Now in its 30th year, the project, a popular resource among educators nationwide for producing award-winning classroom resources about racial and social justice issues, recently explored changing the name to one that better reflects its current values, mission, and pedagogical approach to reducing hate and bias through education. The new name, Learning for Justice, captures the program’s heightened commitment to working alongside communities for justice in the South and beyond.
“For the past 30 years, the Teaching Tolerance project has worked alongside educators to transform schools and classrooms into welcoming and inclusive environments that encourage students to be strong advocates for racial and social justice in their communities,” said SPLC President and CEO Margaret Huang. “The name of the project has not reflected the work we do for quite some time. As we become Learning for Justice, we will expand our outreach to parents and caregivers and work to support the entire community that supports children and young people to learn and grow.”
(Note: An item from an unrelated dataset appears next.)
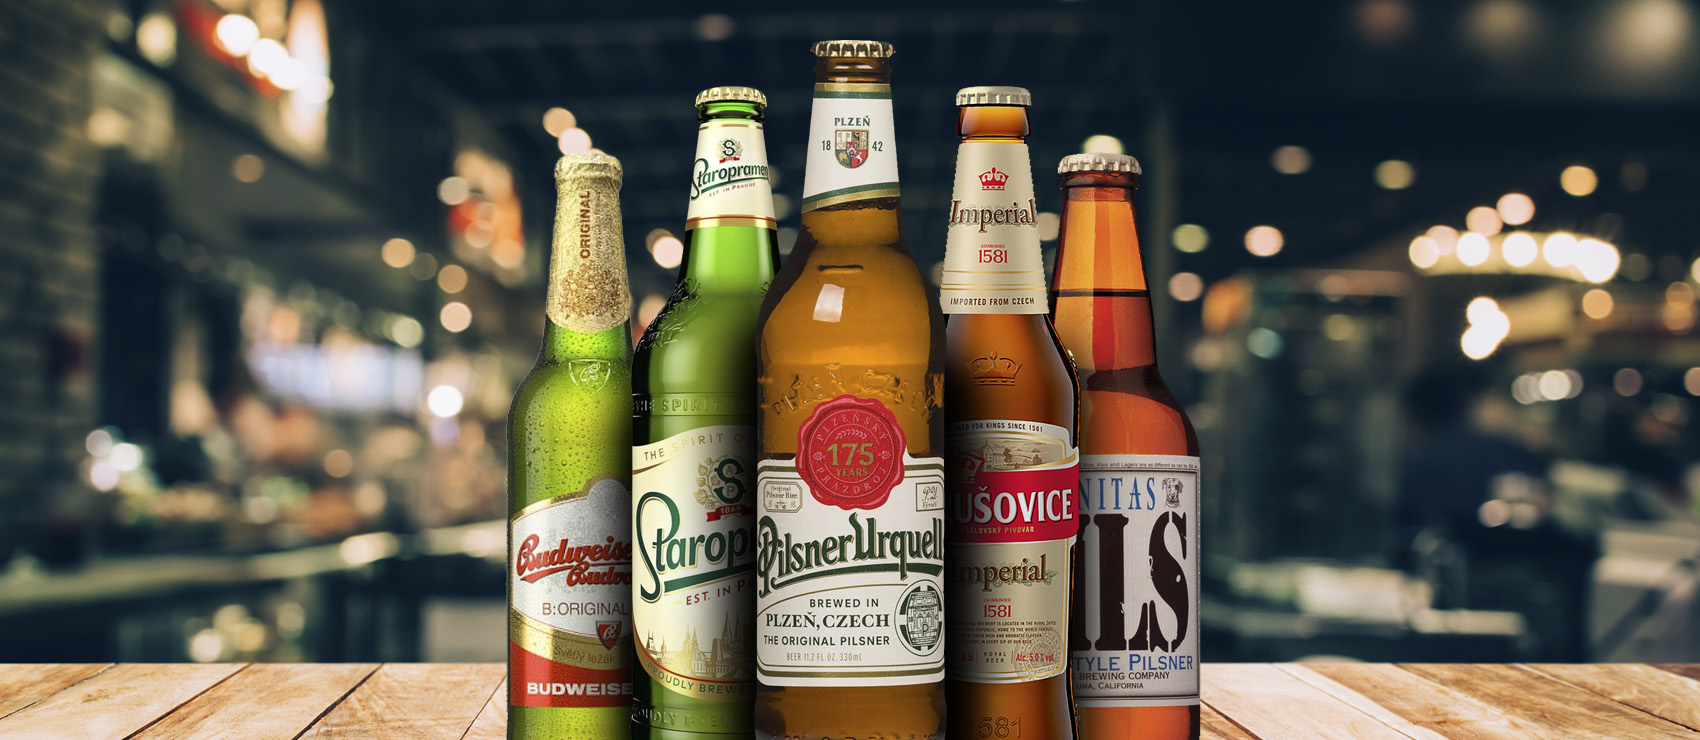 Best Rated Beers (styles And Brands) in The World - TasteAtlas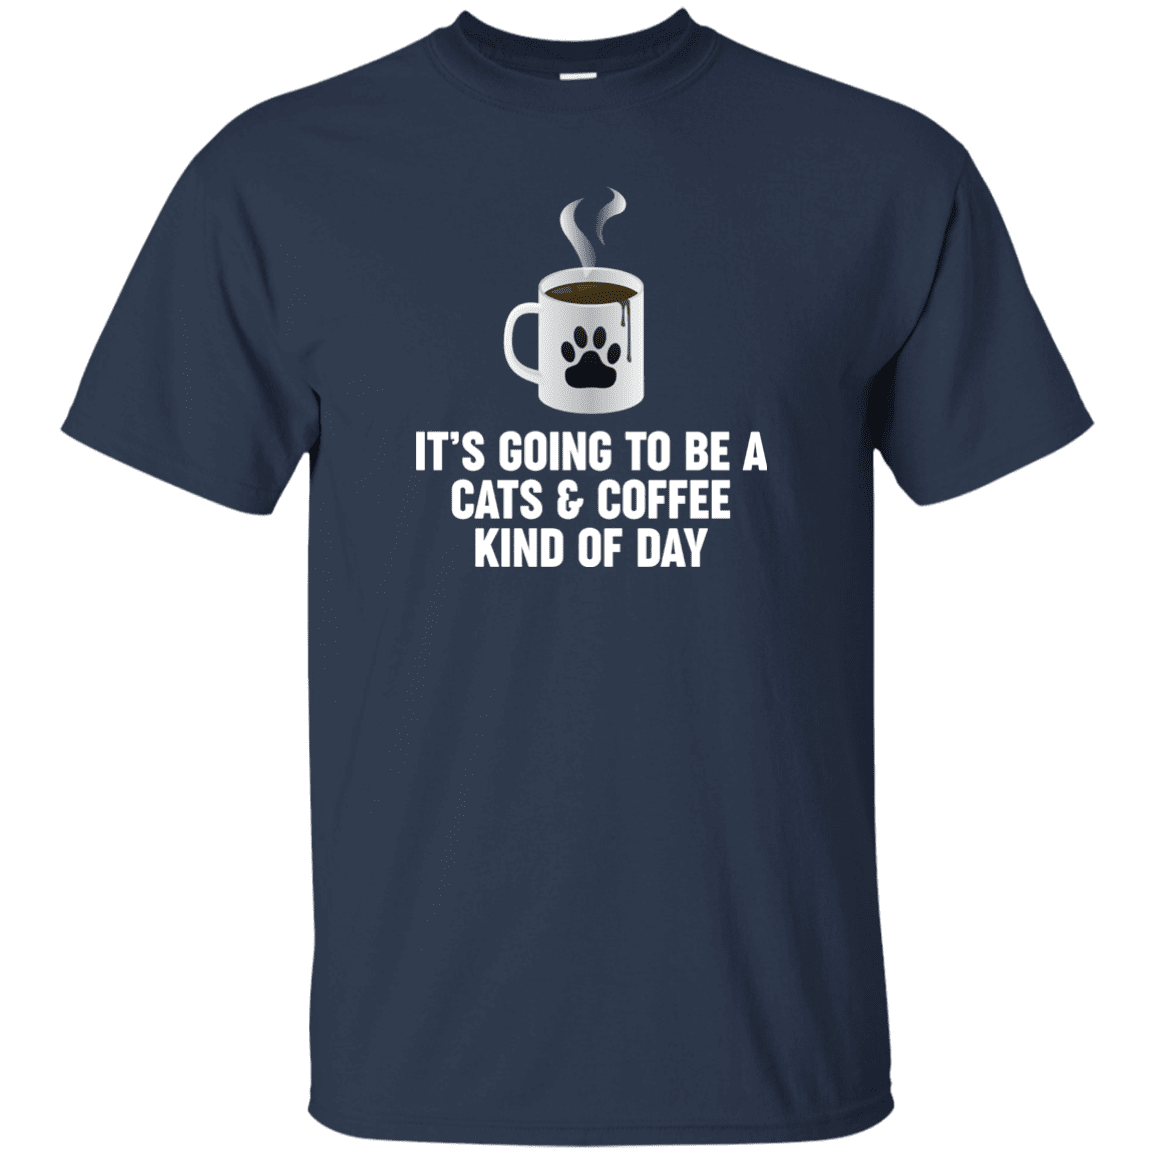 Cats And Coffee - T Shirt.

The SPLC welcomed Dunn last month to lead Learning for Justice. She brings two decades of experience in social and racial justice pedagogy, anti-bias training, advocacy, and movement building to her new role. Prior to joining the SPLC, Dunn served as the national director of the Children’s Defense Fund Freedom Schools program and provided curriculum and professional development support and training to educators as a consultant.
“I am deeply honored to lead Learning for Justice and the future of anti-racism education at this crucial time of racial reckoning in the nation. Through movements like Black Lives Matter, there is renewed hope that together we can create more just, fair and equitable communities across the country, but it won’t be without a struggle against the ideologies and outright hatred that led to the attack on the nation’s Capitol this year or the brutal killings of unarmed Black people by police for the past several years, among other injustices we face.”
Learning for Justice will undergo several key changes to meet this great period of social change and the immediate need to boldly address the nation’s roots in racial genocide, systemic racism and white supremacy.
“As the country shifts, so must we in order to meet the challenges ahead,” Dunn said. “Our work will remain a purposeful and meaningful part of the SPLC’s legal, policy and public education strategies to battle racial and social injustice in the South and beyond.”
Learning for Justice will engage youth, schools, families and communities in intergenerational dialogue around the long history of race in the country, the multiple manifestations of racial injustice and the urgent need to build together a multiracial, multicultural democracy.
The future work of Learning for Justice will also uplift authentic storytelling, foster extensive learning communities, train new-generation change agents and demonstrate models of learning, justice and action on the ground.
In September 2020, the SPLC released a new poll showing overwhelming support across demographic groups for anti-racism education. When asked specifically about whether they supported “anti-racist education” as a policy to reduce and prevent hate and extremism, seven-in-10 adults nationally (70%) said they support such a program compared to only one-in-six adults (18%) who oppose it and 12 percent who are undecided.